I need to create an ssh connection between two Linux machines running Centos v5 but the latency could be as high as 25 seconds. I find that if I test something approaching this configuration artificially by simulating 7 seconds or more round trip latency using:

tc qdisc add dev eth0 root netem delay 7s

When I try:

ssh -n -o ConnectTimeout=0 WilliamKF@centos5Machine whoami

It fails after about 1 min 23 sec with:

Connection closed by 10.35.50.114

Note that ConnectTimeout=0 means never timeout. Also, simulating a round trip latency of 6 seconds results in a successful ssh after about 1 min 32 sec.

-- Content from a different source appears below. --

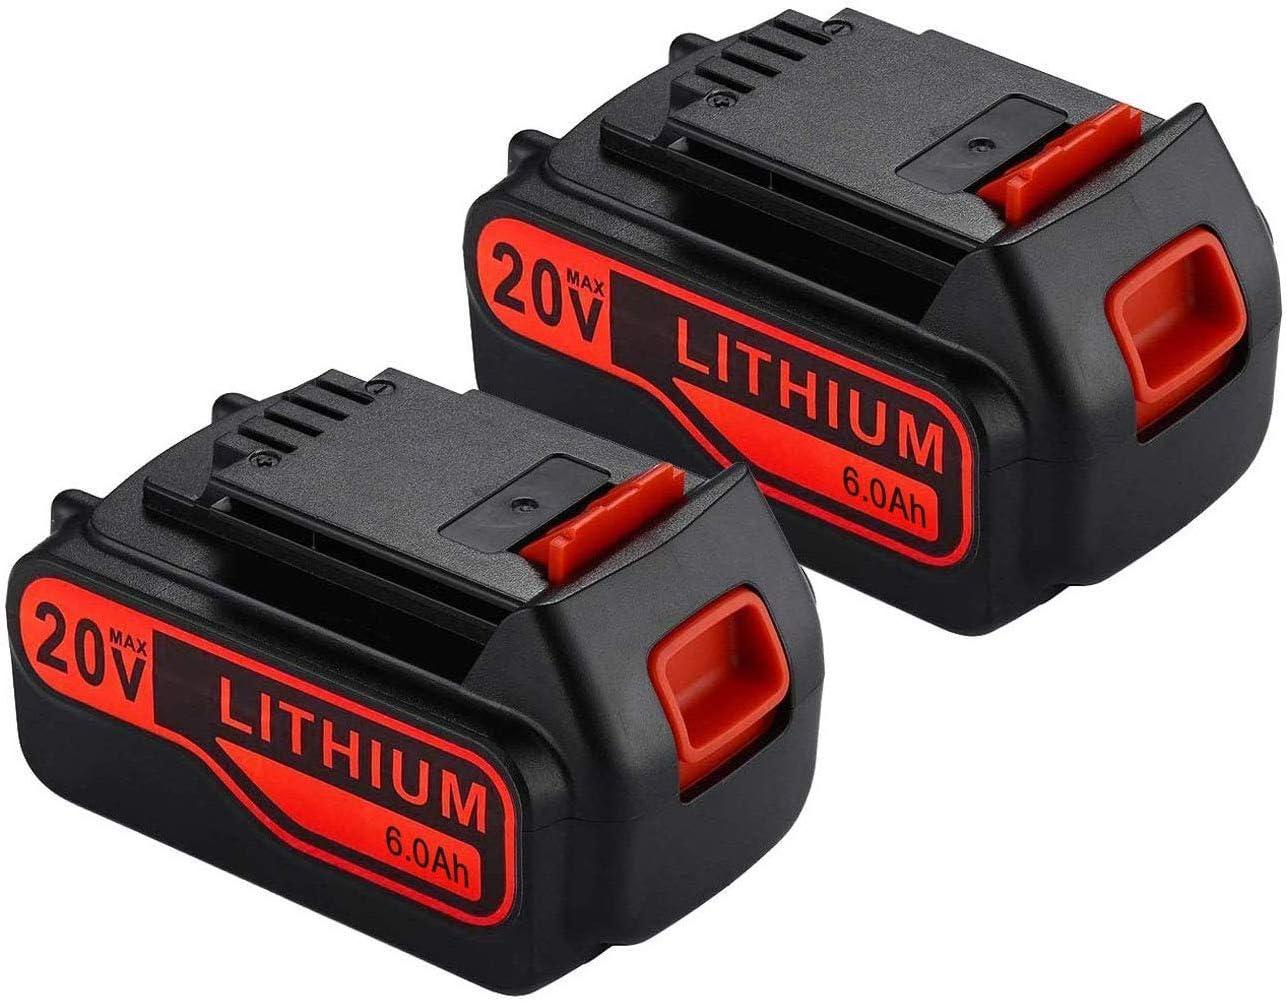 2Pack LBXR20 6.0Ah 20V MAX Replacement Battery for Black and Decker 20V Lithium Battery LBXR20 LBXR20-OPE LB20 LBX20 LBX4020 LB2X4020-OPE

Is there anything I can do to get ssh to work in the face of extremely high latency on Linux? Why does ssh fail at this threshold? When I run tcpdump, I see nothing obviously wrong, there are about 51 packets, which packets of tcpdump are helpful here? Success took only around 41 packets.

WilliamKF

Posted 2010-11-19T16:11:27.927

Reputation: 6 916

2Is there a chance that correcting the 30 second latency is a possibility? That is beyond ridiculously high. What happens when you ping 10.35.50.114. What does trace route show? – Everett – 2010-11-19T16:26:22.577

i'm thinking a ridiculous amount of proxying is in place....i agree with reeeeeediculous proxies, so i am interested in responding...give me some time to look about and check source code. – RobotHumans – 2010-11-19T18:04:44.147

1it may require a recompiled ssh library...is this okay? – RobotHumans – 2010-11-19T18:05:03.990

@aking1012 The ssh is being invoked from inside a C++ application, so recompiling ssh and linking the alternate definition into the application is acceptable. – WilliamKF – 2010-11-20T05:29:20.110

@Everett I am unable to control the latency (it actually only reaches 25 seconds). In this case, I am only simulating the latency, the 10.35.50.114 is adjacent to the test machine and the connection is slowed down with the 'tc' command to simulate the latency. – WilliamKF – 2010-11-20T05:31:11.467

2Just so I understand. You have latency between your client, and some server while using SSH. You are simulating this latency bewteen your client, and another computer you have available to you? What I am saying is, latency that high would put your client, and the server you are trying to log into, approximately 60 times the circumference of the planet apart. That is a LOT (see UNGODLY) amount of latency. There is a problem that needs to be fixed between the two computers. Trying to program to correct for that large of a failure is really the wrong way to approach the problem. – Everett – 2010-11-20T05:36:19.000

1The reason is this: you are trying to allow for 25 to 30 seconds of latency for each part of the networking connect process. This doesn't just set it up so your application waits 25 to 30 seconds, you wait 25 to 30 seconds for transmission, and response, of EVERY packet. If ONE packet gets dropped in a connection based protocol, you wait for retransmit. You will NEVER see a successful connection with 30 second latency because you will likely overflow every buffer you have access to. – Everett – 2010-11-20T05:39:08.000

As I've answered your question (unless you feel I've missed something), maybe you could close it? – Everett – 2010-11-22T08:49:27.947

@Everett I was hoping to hear back from aking1012 who indicated they would look at the source code. I'm trying to succeed, not be told and accept that it can't be done. – WilliamKF – 2010-11-23T03:08:06.487

Answers

2

Short answer, you will never wait long enough with a 30 second latency per packet.

Everett

Posted 2010-11-19T16:11:27.927

Reputation: 5 425